If nobody had any bank records or debt they would have nothing, and a sense be equal to every other man. A rebel's instincts always point to creating chaos, and what better chaos could there be than no social status. With no social status Tyler could bring his fight to a whole new worldwide stage. Jack symbolizes the everyday workingman, as Tyler is the man everyone wants to be. Fight Club shows a man that everyone wants to be but can't because of laws and in most cases common courtesy. The movie states that there is basically a Tyler in all of us, wanting and waiting to come out.

None of us will let him out though because we don't have the courage, or maybe stupidity to do it, although Jack does. For a while in the movie Jack did get everything he wanted. He had no care in the world and couldn't have felt better about himself as a whole. Not until later does the final message come in, without any control there is chaos. When Tyler ran rampant and did what he pleased things began to get out of hand.

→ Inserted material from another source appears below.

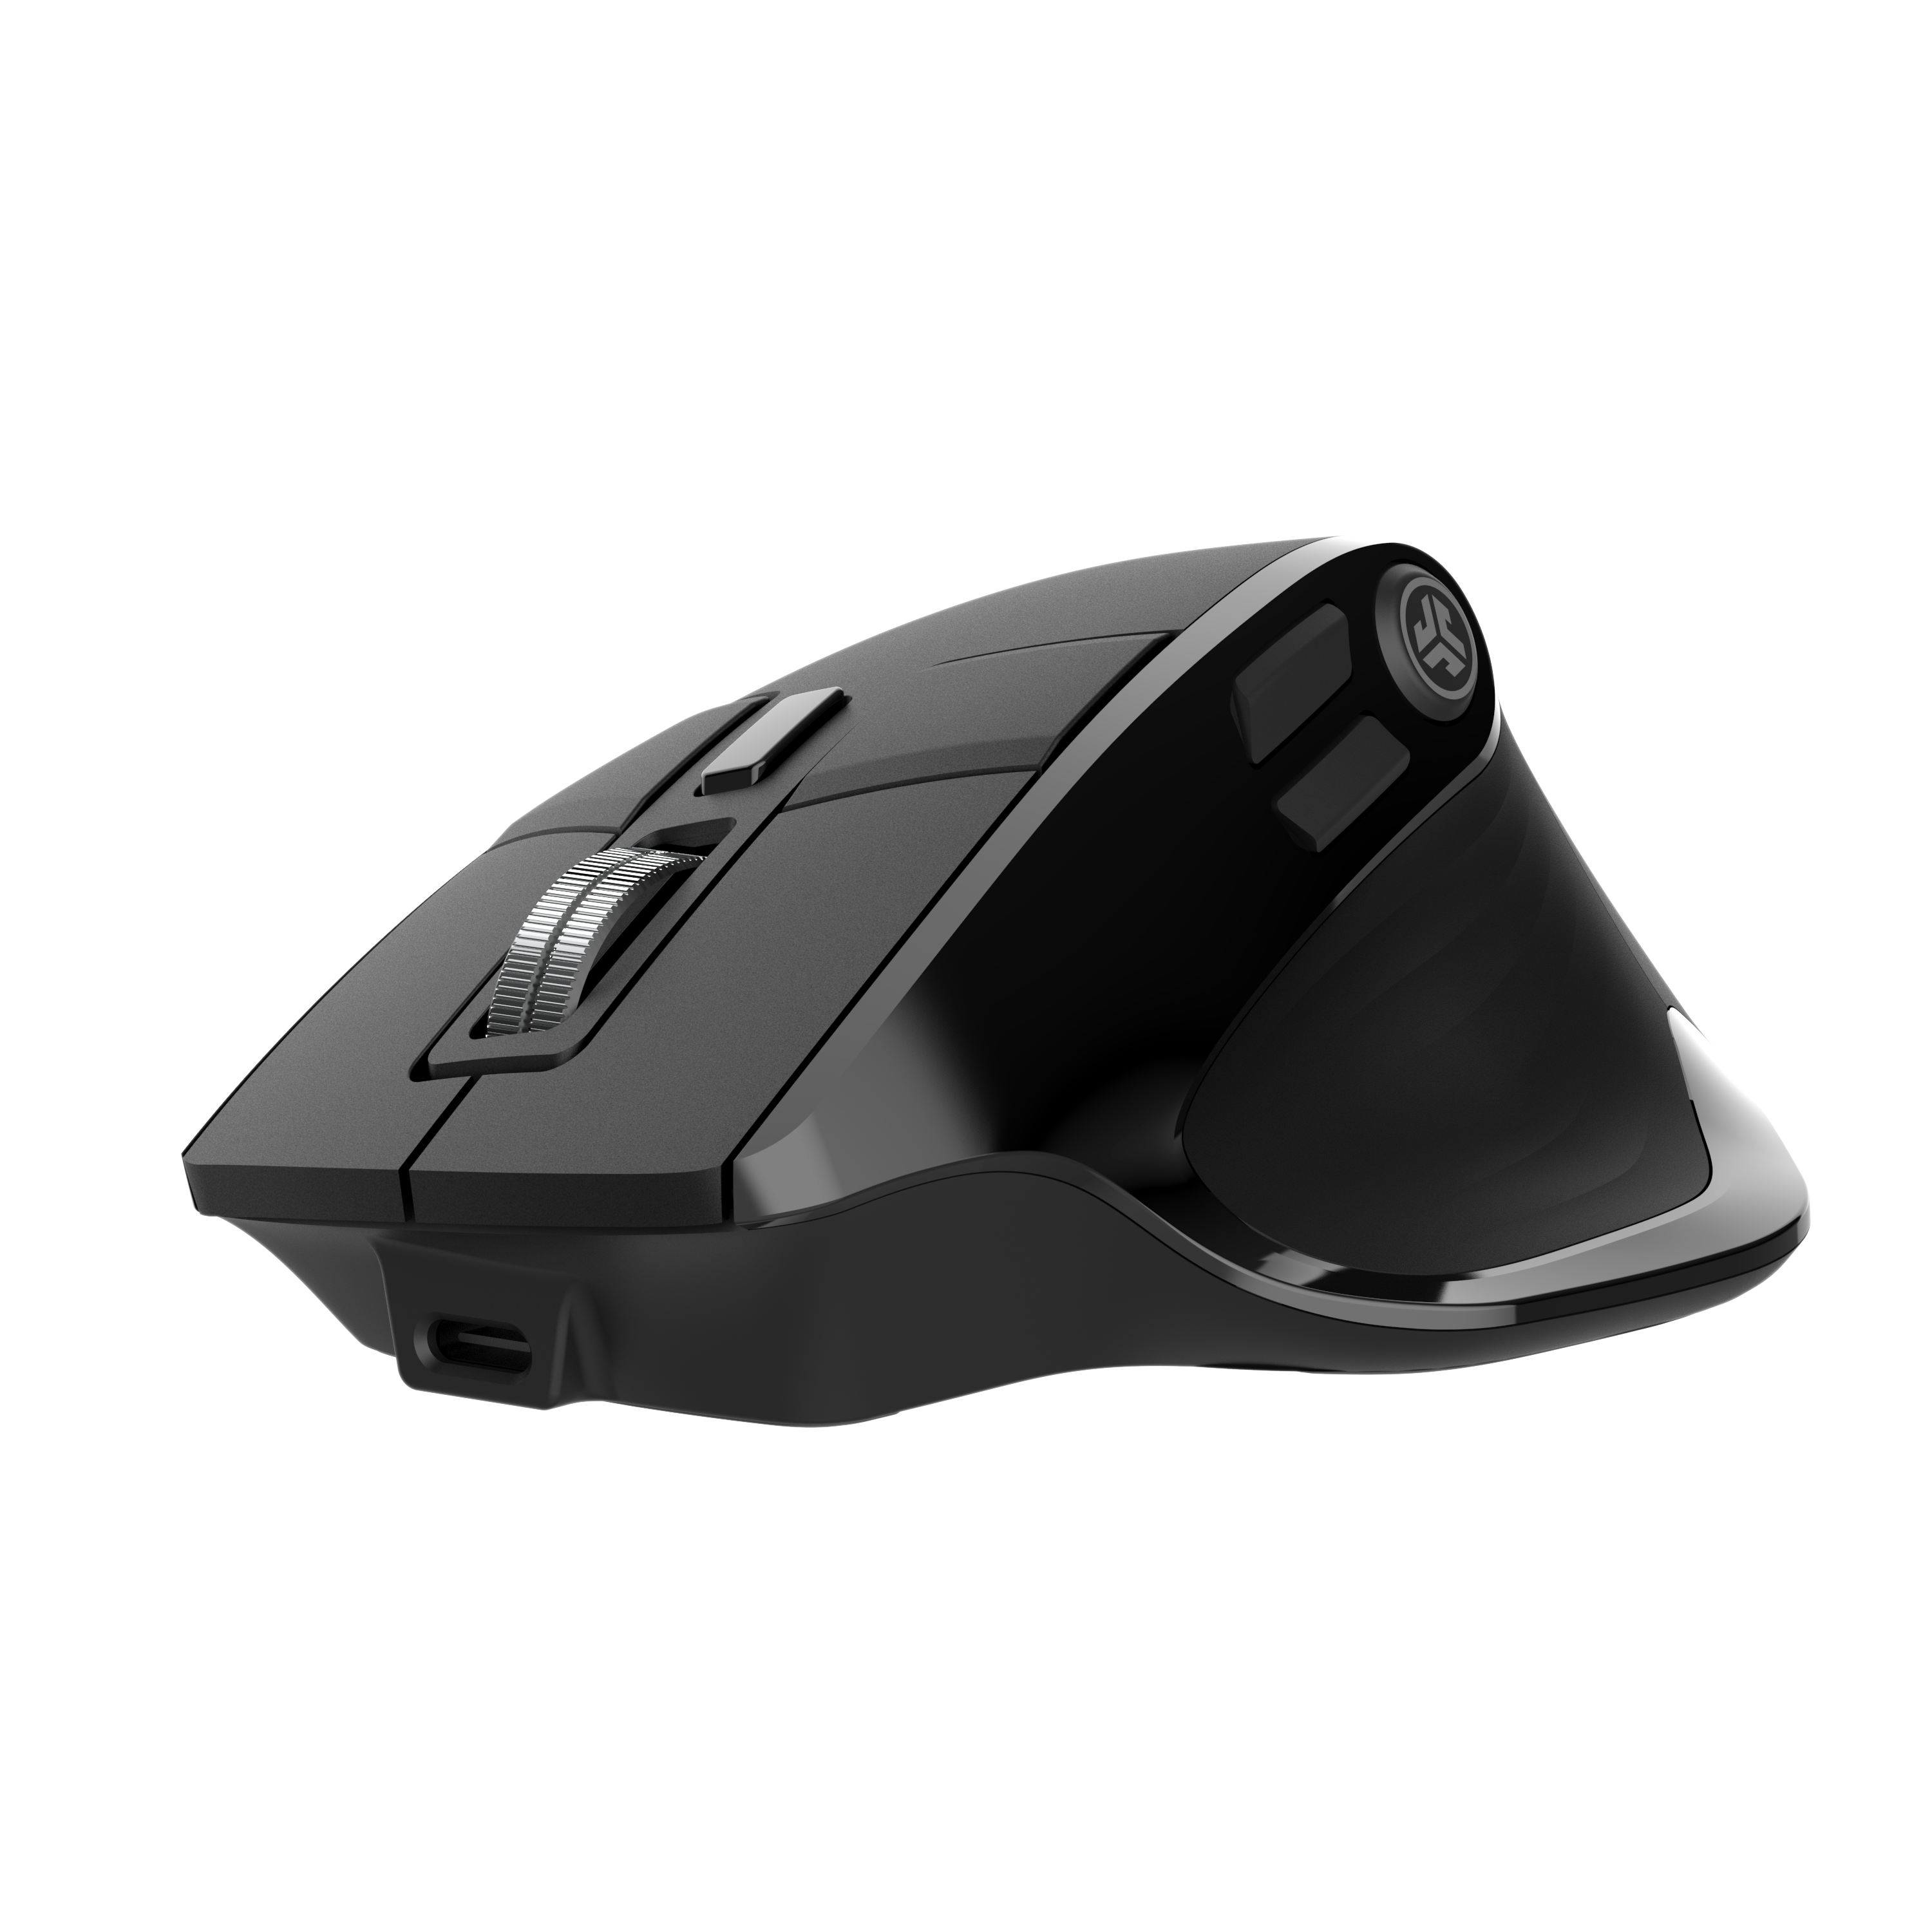 Logitech MX Master 3 (6 stores) see best prices now »

For instance his final act of defiance towards society was the blowing up of credit card companies in order to erase the debt record so that everyone's debt would go back to zero. This is only to create total chaos and embody Tyler's world without rules. Tyler sums up the movie in his own terms, "You are not your job. You are not how much you have in the bank. You are not the contents of your wallet. You are not your khakis.

You are not a beautiful and unique snowflake. The things you own end up owning you.".